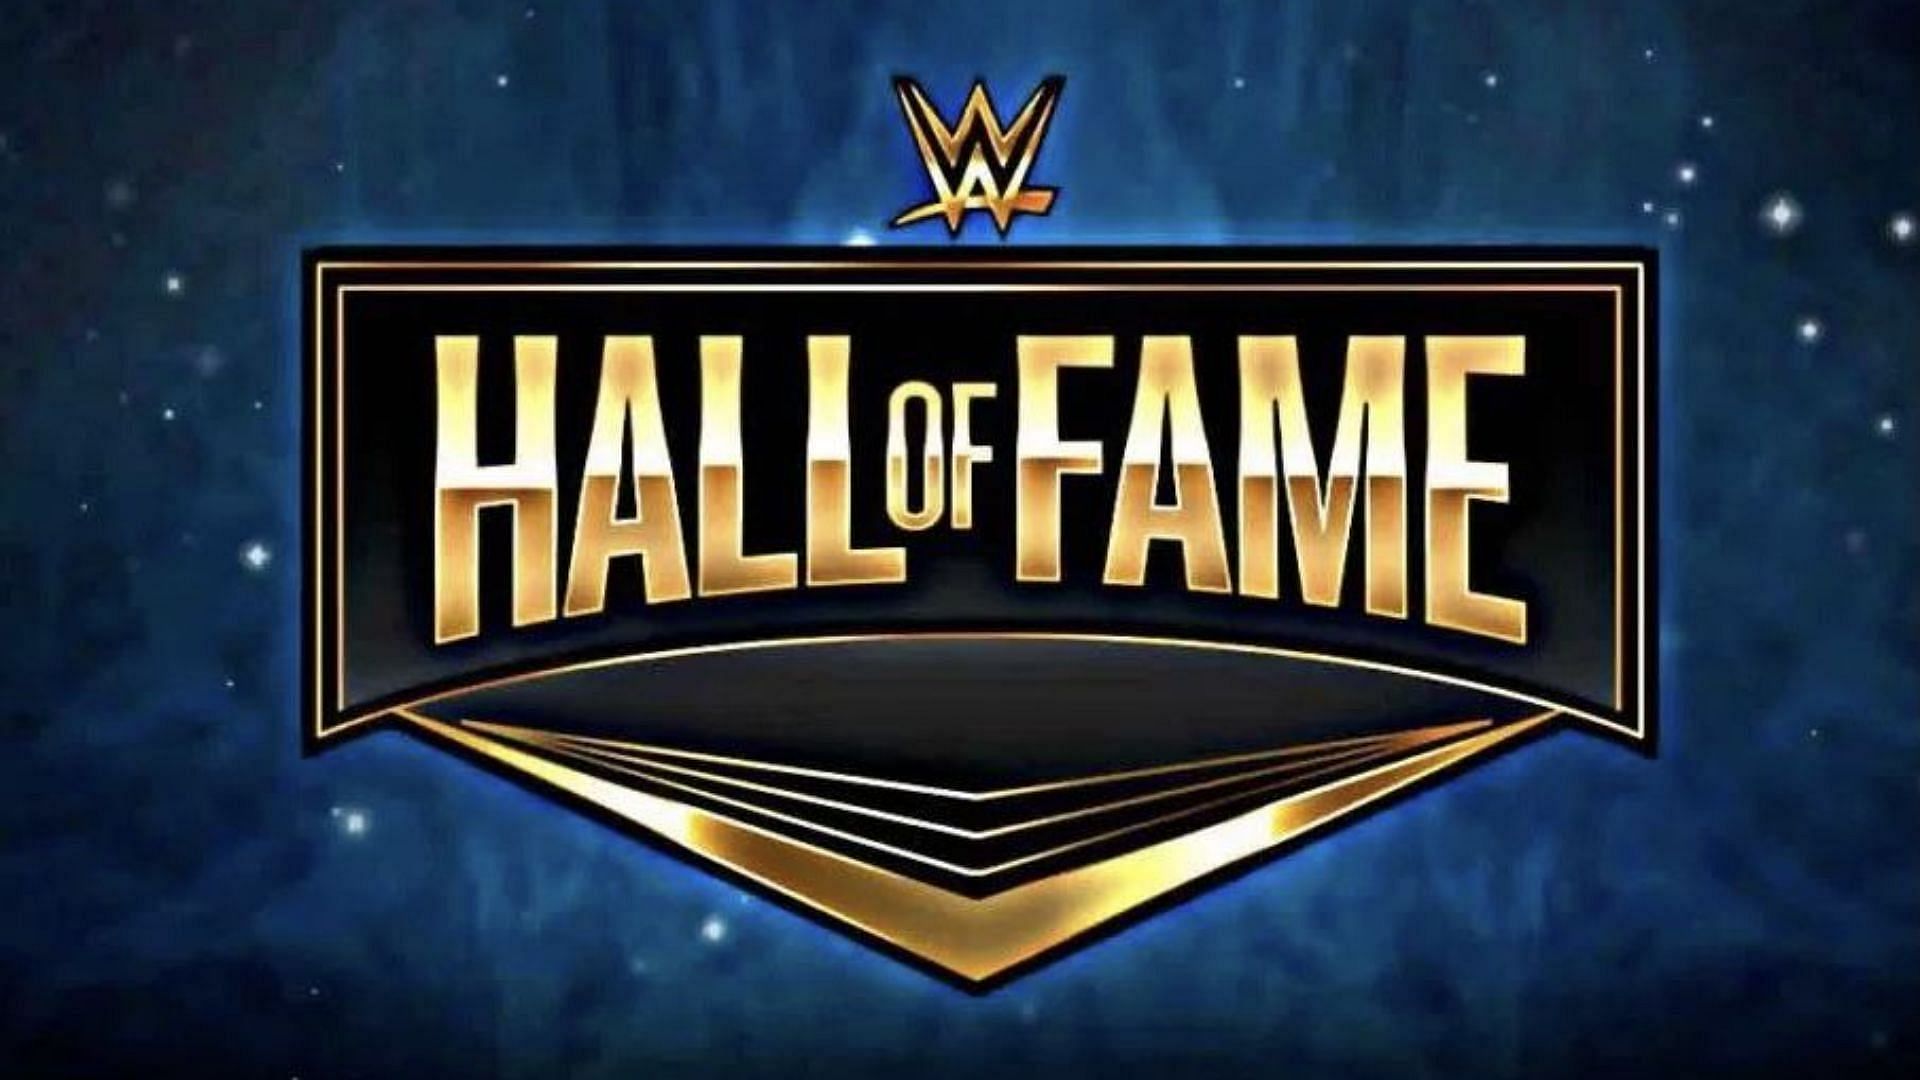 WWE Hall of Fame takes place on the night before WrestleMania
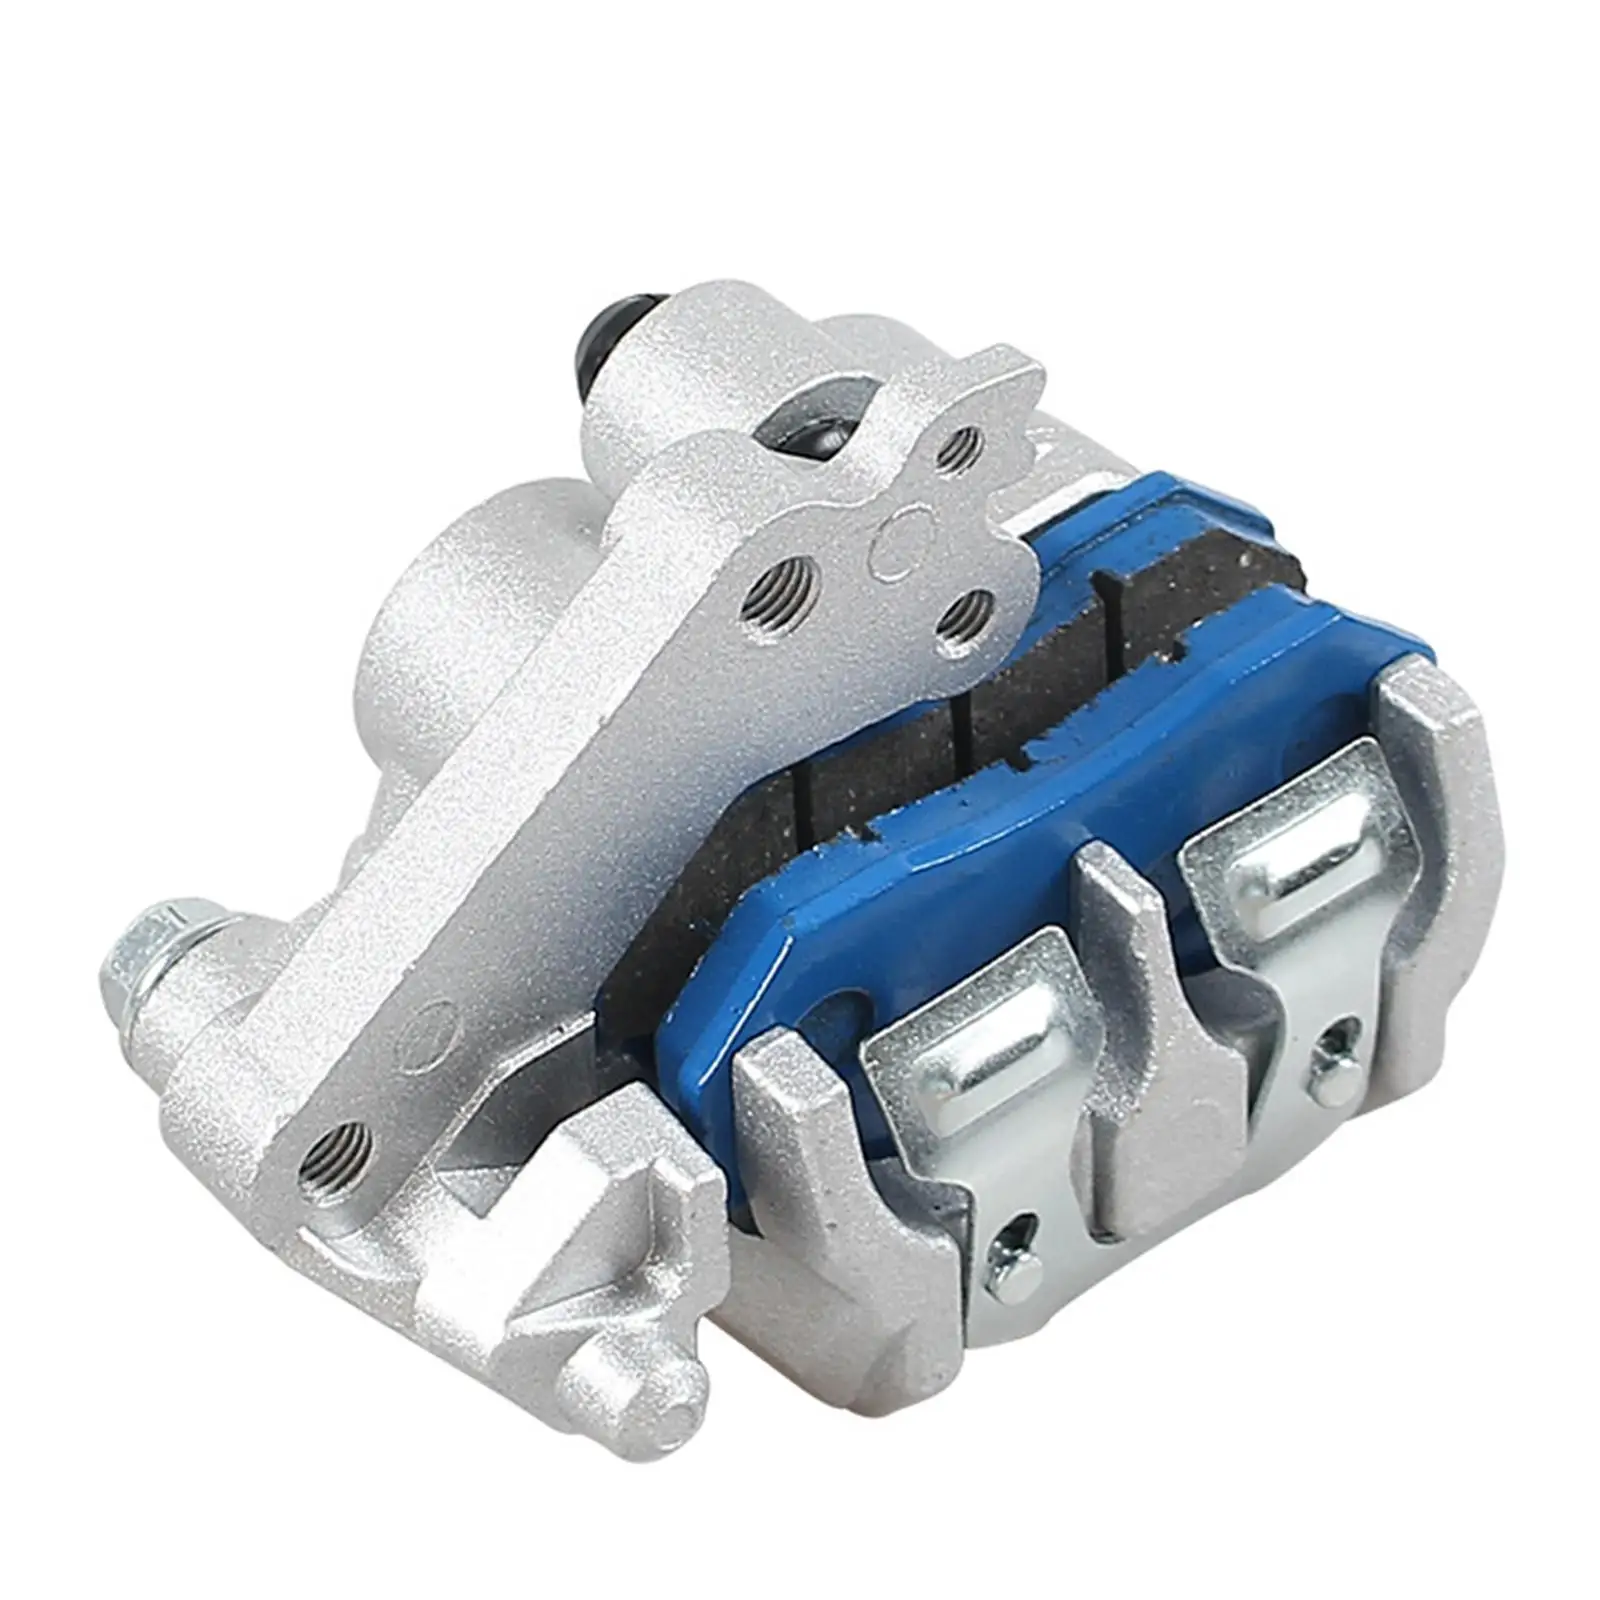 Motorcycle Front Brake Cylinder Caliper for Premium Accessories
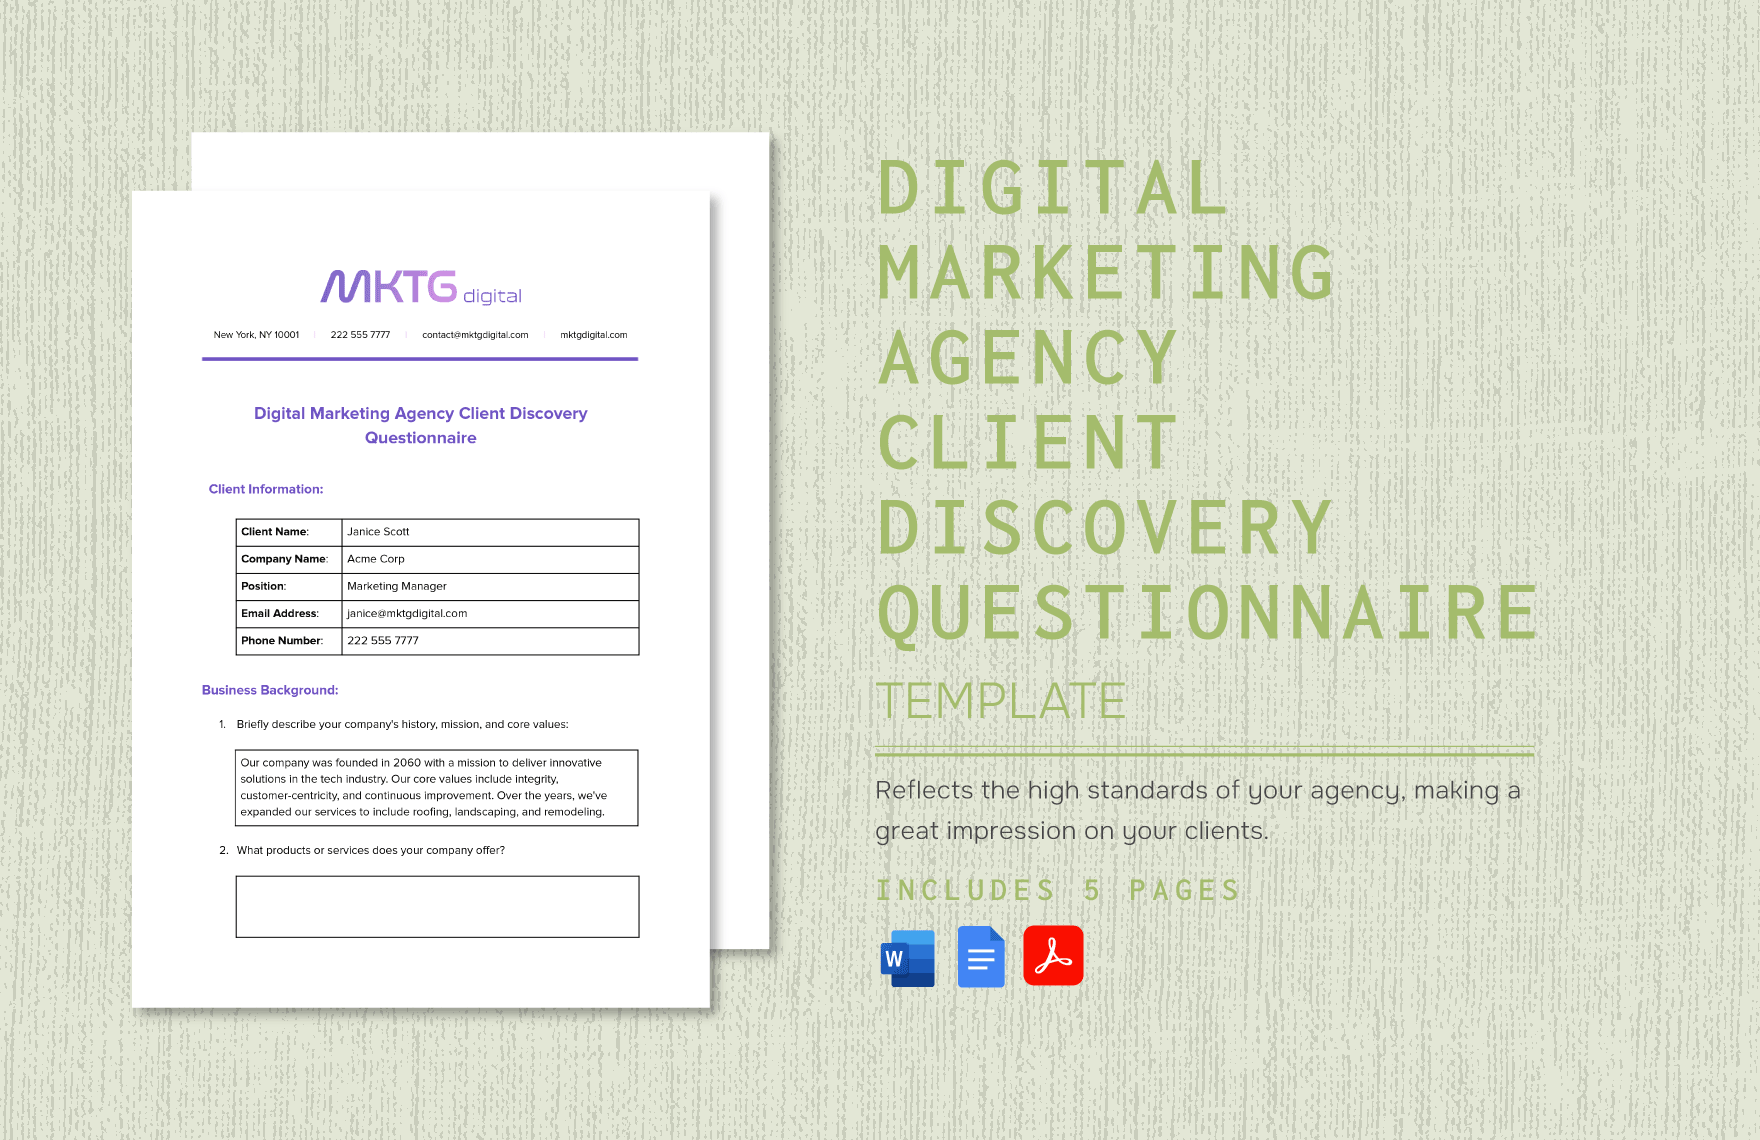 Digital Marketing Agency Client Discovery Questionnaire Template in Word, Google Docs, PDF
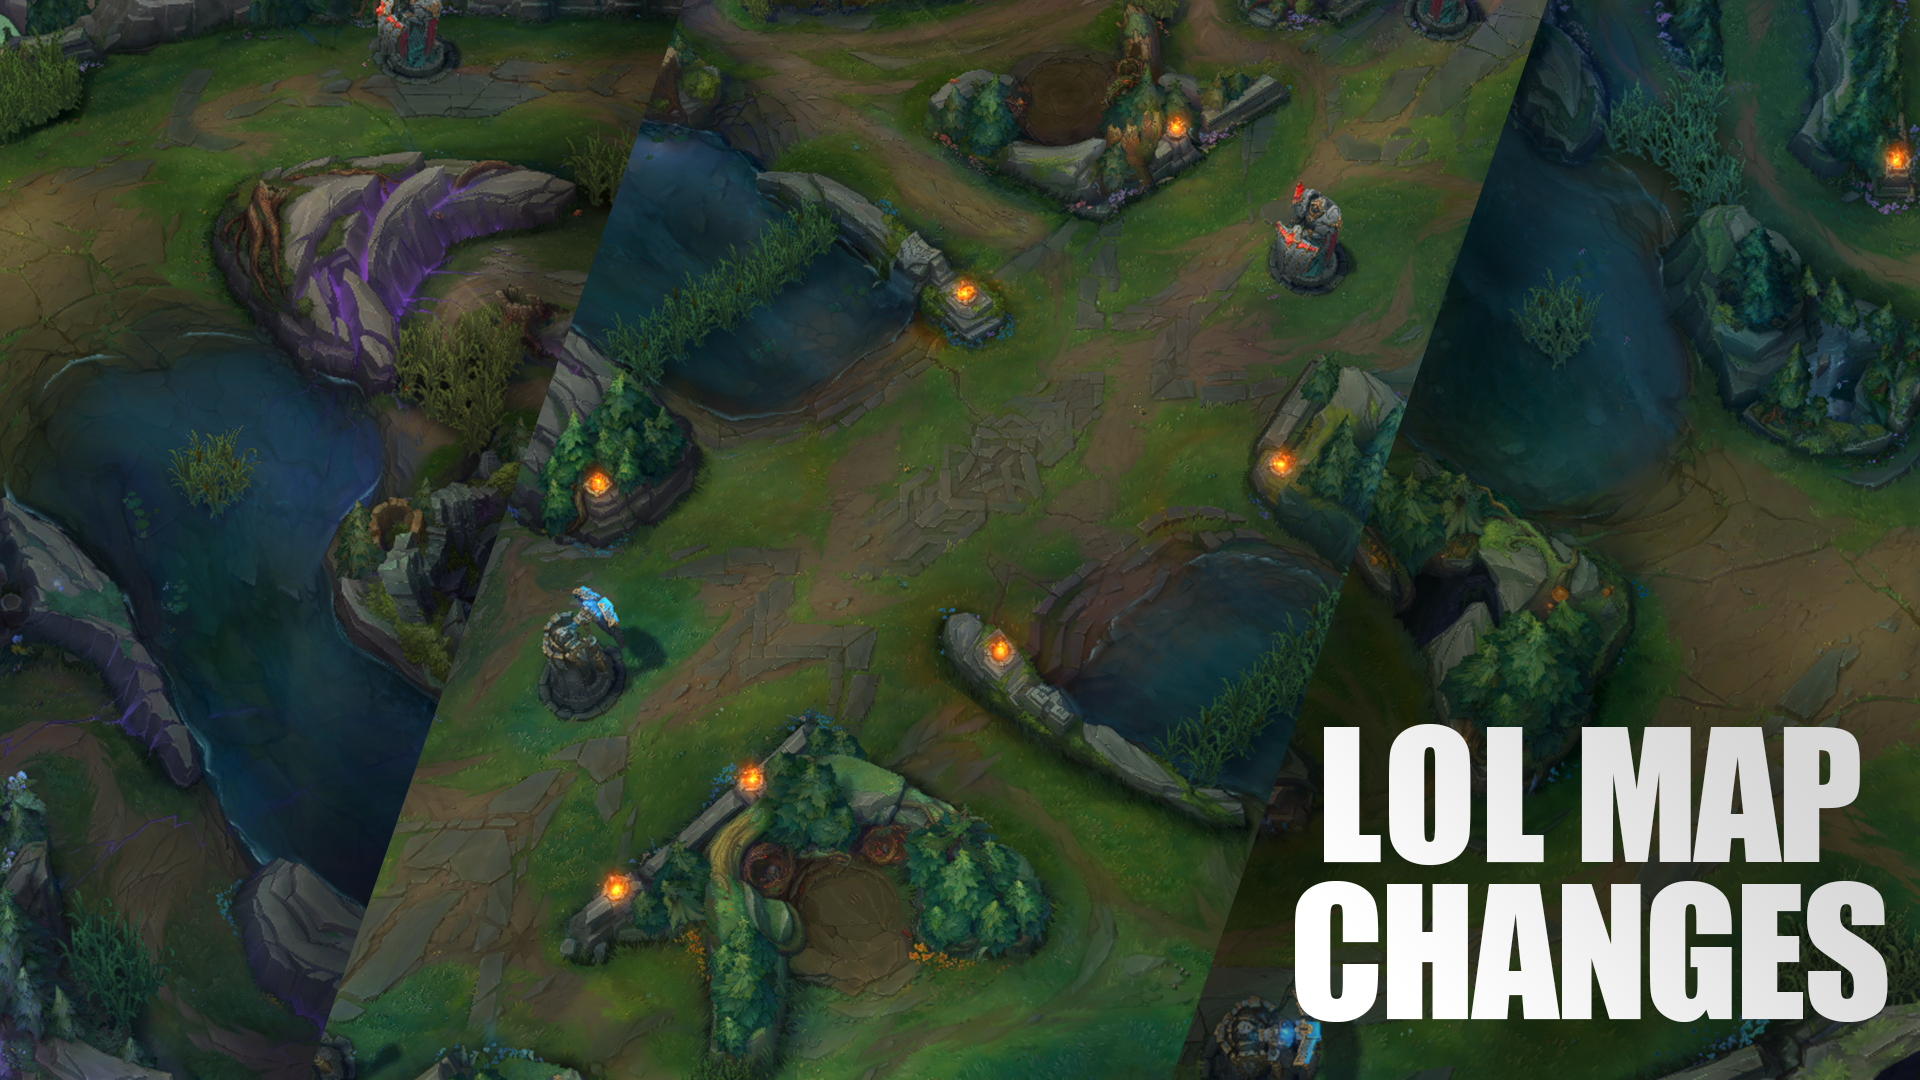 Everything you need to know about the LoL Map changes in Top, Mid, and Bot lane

**WHAT YOU SHOULD DO**. The final stretch of the data, from the line with "Digital Marketing Agency" through its last line, is to be retyped exactly; pictures are not part of the copy.

**EXERCISE OUTPUT**.
 Digital Marketing Agency Client Discovery Questionnaire Template in Word, Google Docs, PDF
 Everything you need to know about the LoL Map changes in Top, Mid, and Bot lane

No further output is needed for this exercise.